Gordon contends that pedal steel guitar is the main voice on the album. It is also, he claims, his favorite instrument besides bass guitar. Steel figures prominently in the melancholy mood of "Beltless Buckler," and it is the "emotional quality of the pedal steel" that Gordon cherishes most about the instrument. He also notes the instrument's ability to be both "inside" and "outside": "Here it is, a key instrument in country music that's allowed to be almost spacey-sounding with lots of reverb" Pedal steel made perfect sense for this album, where there's all kinds of tension between tightness and looseness, rootsy sounds and spacey tangents, and the ever-present dichotomy between inside and outside.

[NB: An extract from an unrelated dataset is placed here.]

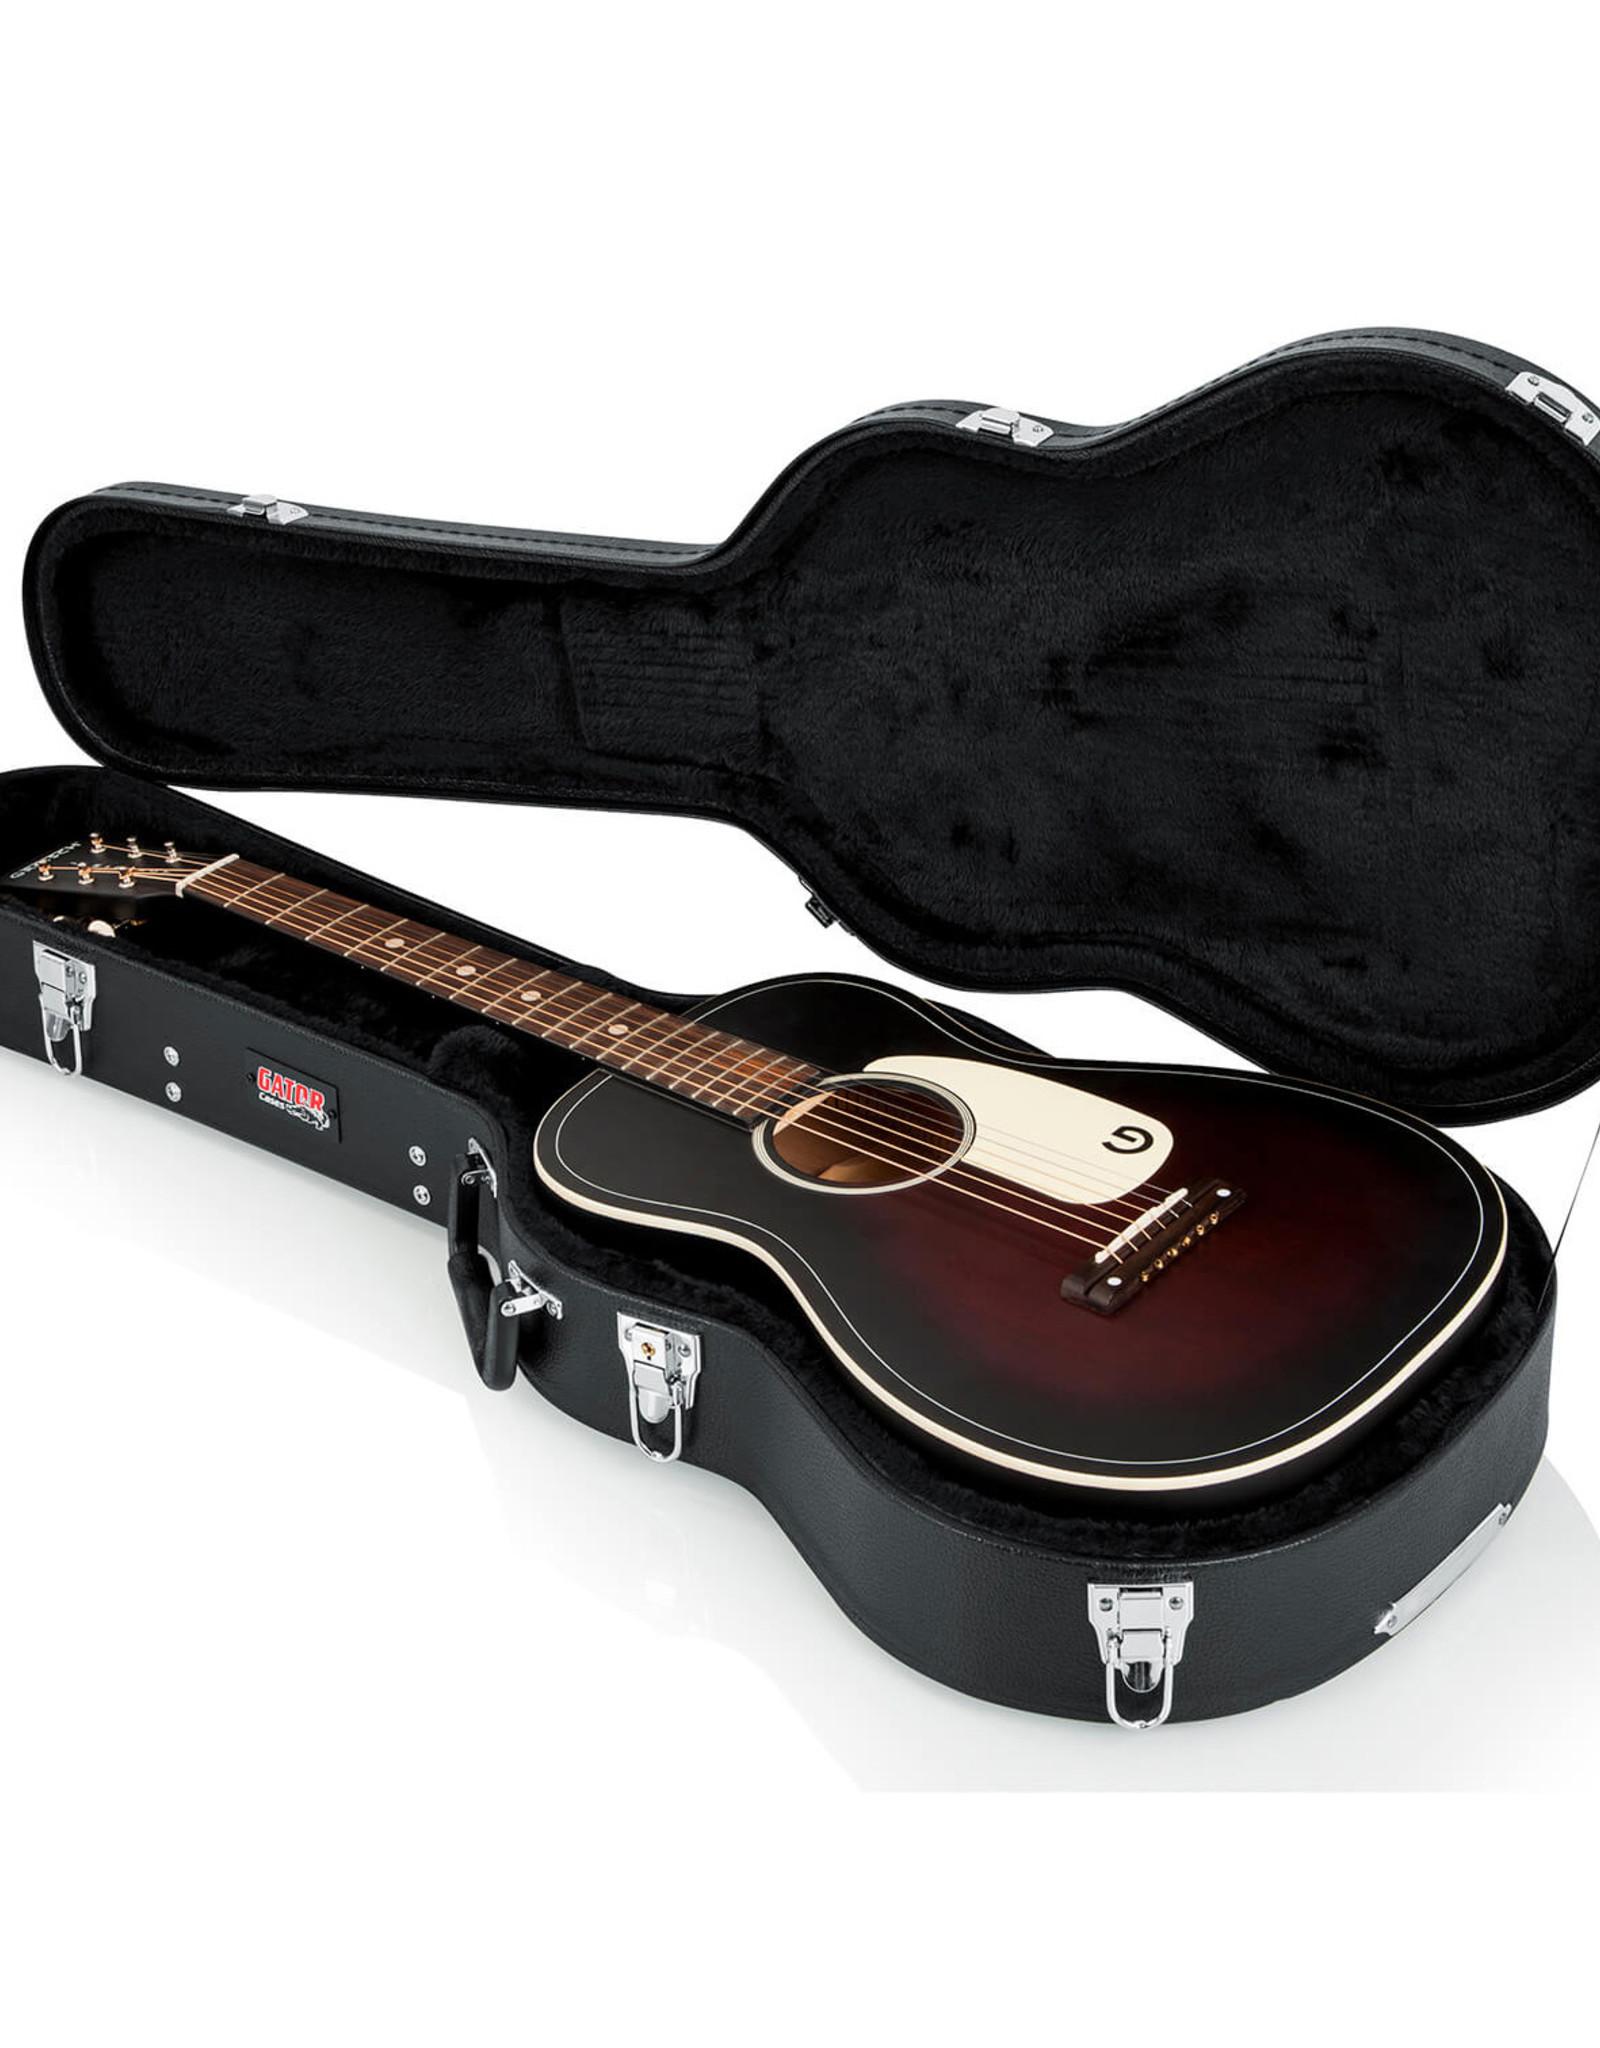 Gator Gator Hard-Shell Wood Case for 3/4-Size Acoustic Guitars

For his own part, Gordon is particularly proud to have played, in addition to bass, every six-string acoustic and electric guitar on the album. He went all out on "Exit Wound," a piece for baritone guitar that he labored over through an entire night. "I really wanted to get the vibe right, not in specific ways that can be put into words but just a feeling," says Gordon. He assayed 500 takes before pronouncing himself satisfied. "Instead of being tedious, it got to be a real emotional experience," he says of the process.
Gordon recorded half the album at a custom-designed home studio in Vermont and then relocated it to his current New York City base of operations, where Inside In was finished. Given the luxury of time, Gordon worked up incidental score music from the movie - even something as skeletal as a bass-and-drums vamp - into fully formed songs and instrumentals. Thus did the background music from Outside Out get moved to the foreground on Inside In.
Gordon realized he'd accomplished something extraordinary when he gave the finished album a listen during a spin around the city. "I rented a Mercedes sports car with an incredible sound system," Gordon says, laughing, "and drove the whole perimeter of Manhattan with a gang of friends, listening to Inside In really loud. With the volume and the ambience and the whole thing, it really coalesced for me."
"I feel that I've captured what I like about certain favorite kinds of music pretty well on this album," he notes. "It has some spacey parts and some country parts and some funky parts. And I worked really hard on the segues, wanting to have the right amount of silence before or transition into the next thing. Just the combination of sounds on the album really feels right to me."
Inside In will be released August 26 on Ropeadope Records.